▶ **Task requirements**
For the data that follows, return each line unchanged and drop the pictures.

▶ **Dataset section**

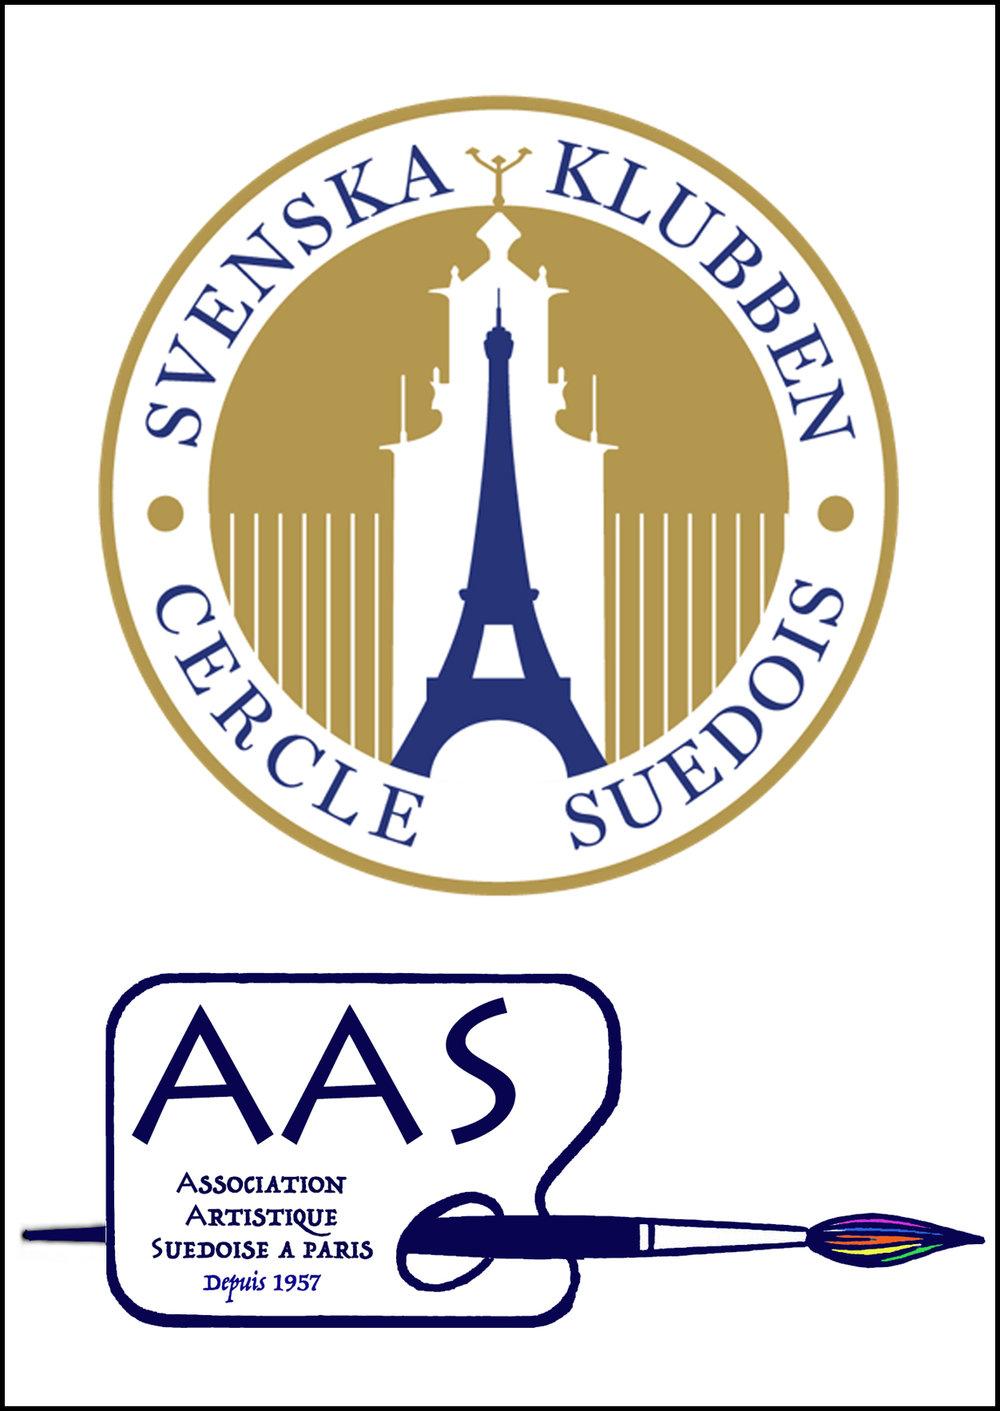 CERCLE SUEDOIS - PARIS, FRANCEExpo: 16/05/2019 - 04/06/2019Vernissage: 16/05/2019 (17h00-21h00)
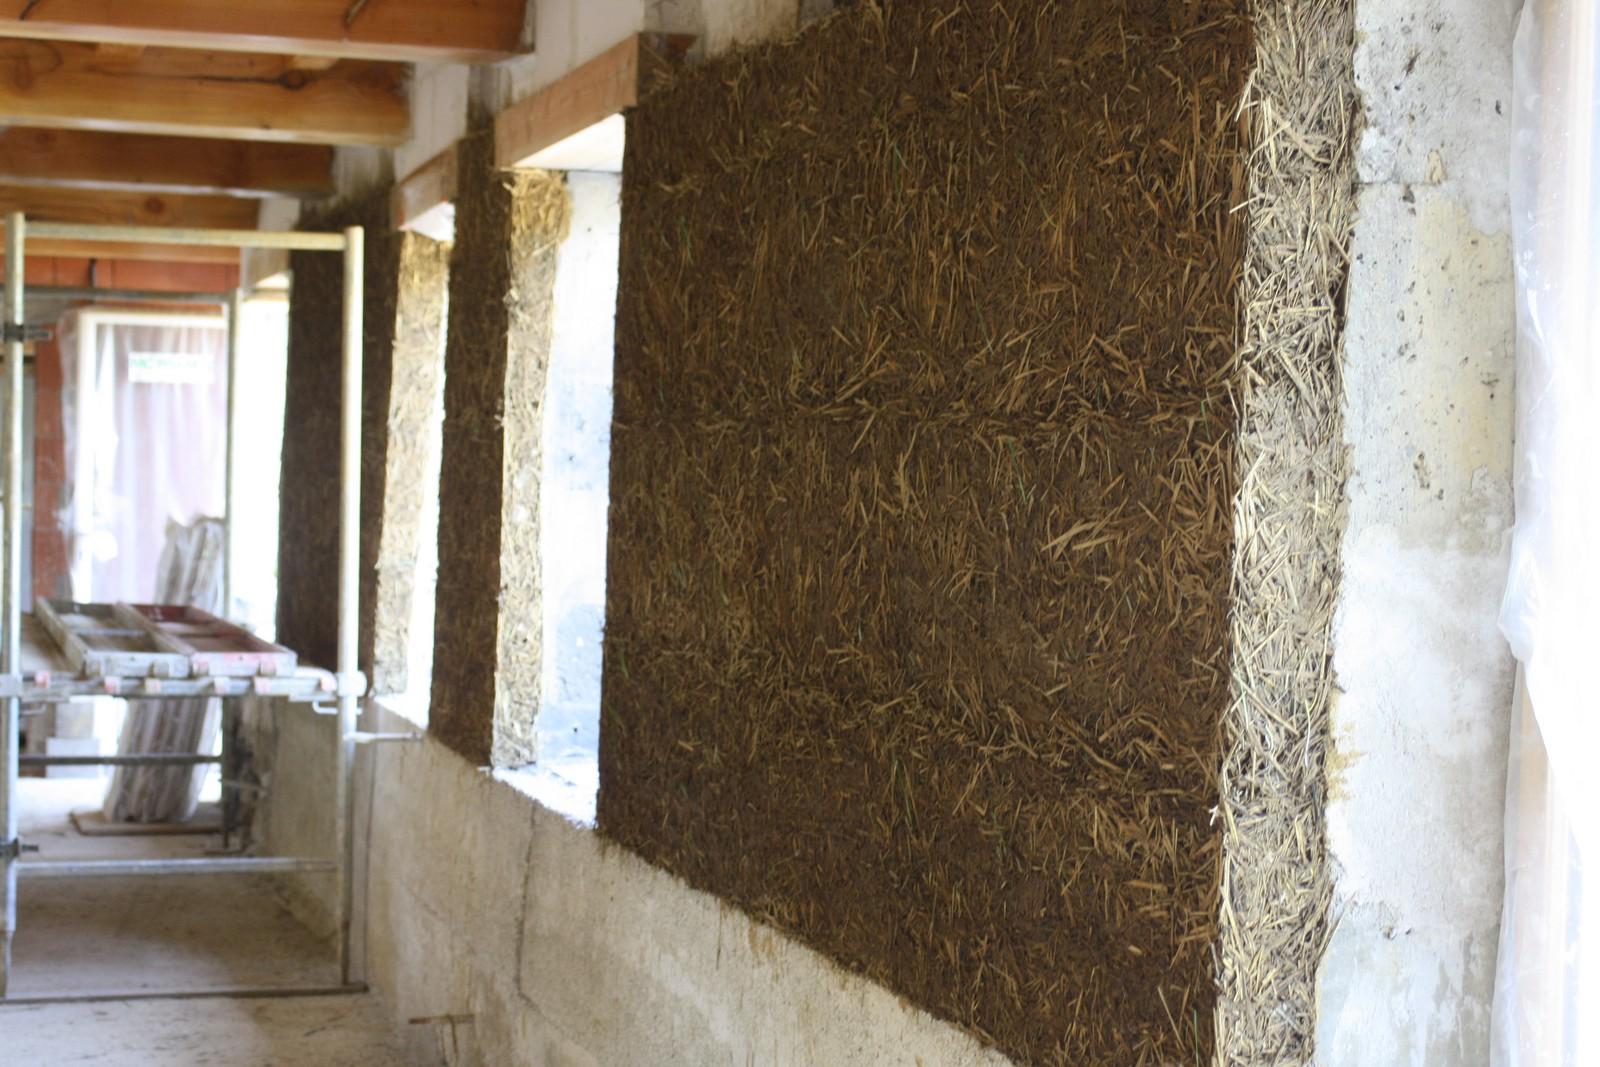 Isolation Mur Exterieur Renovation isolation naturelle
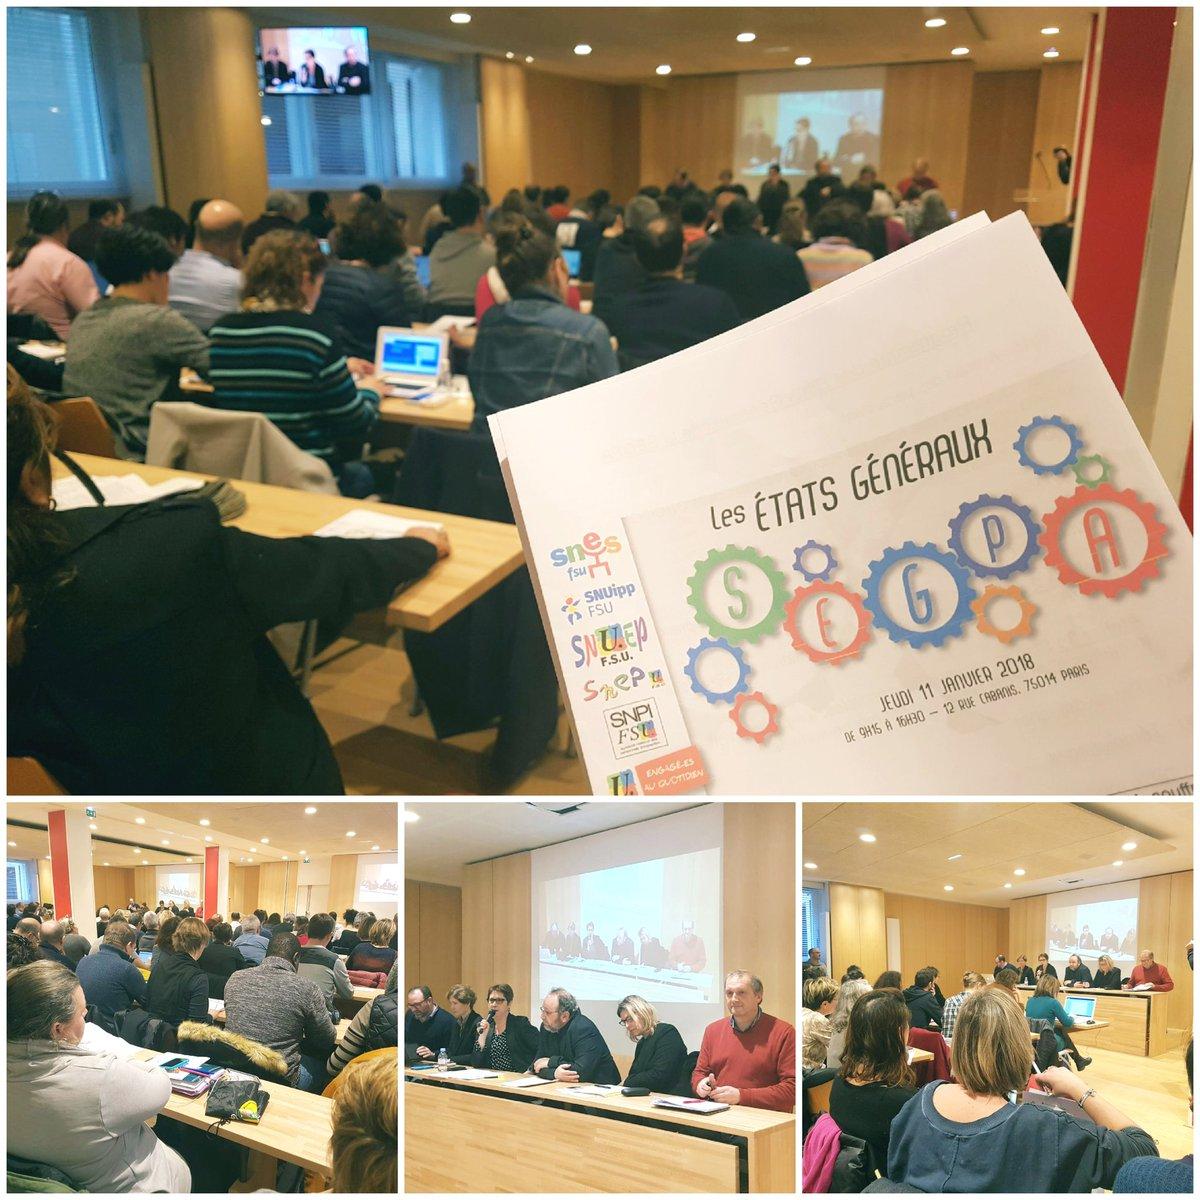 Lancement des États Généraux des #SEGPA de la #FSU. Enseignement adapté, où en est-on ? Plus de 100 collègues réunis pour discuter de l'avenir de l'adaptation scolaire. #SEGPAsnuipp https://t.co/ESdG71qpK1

▶ **Exercise response**
 CERCLE SUEDOIS - PARIS, FRANCEExpo: 16/05/2019 - 04/06/2019Vernissage: 16/05/2019 (17h00-21h00)
 Isolation Mur Exterieur Renovation isolation naturelle
 Lancement des États Généraux des #SEGPA de la #FSU. Enseignement adapté, où en est-on ? Plus de 100 collègues réunis pour discuter de l'avenir de l'adaptation scolaire. #SEGPAsnuipp https://t.co/ESdG71qpK1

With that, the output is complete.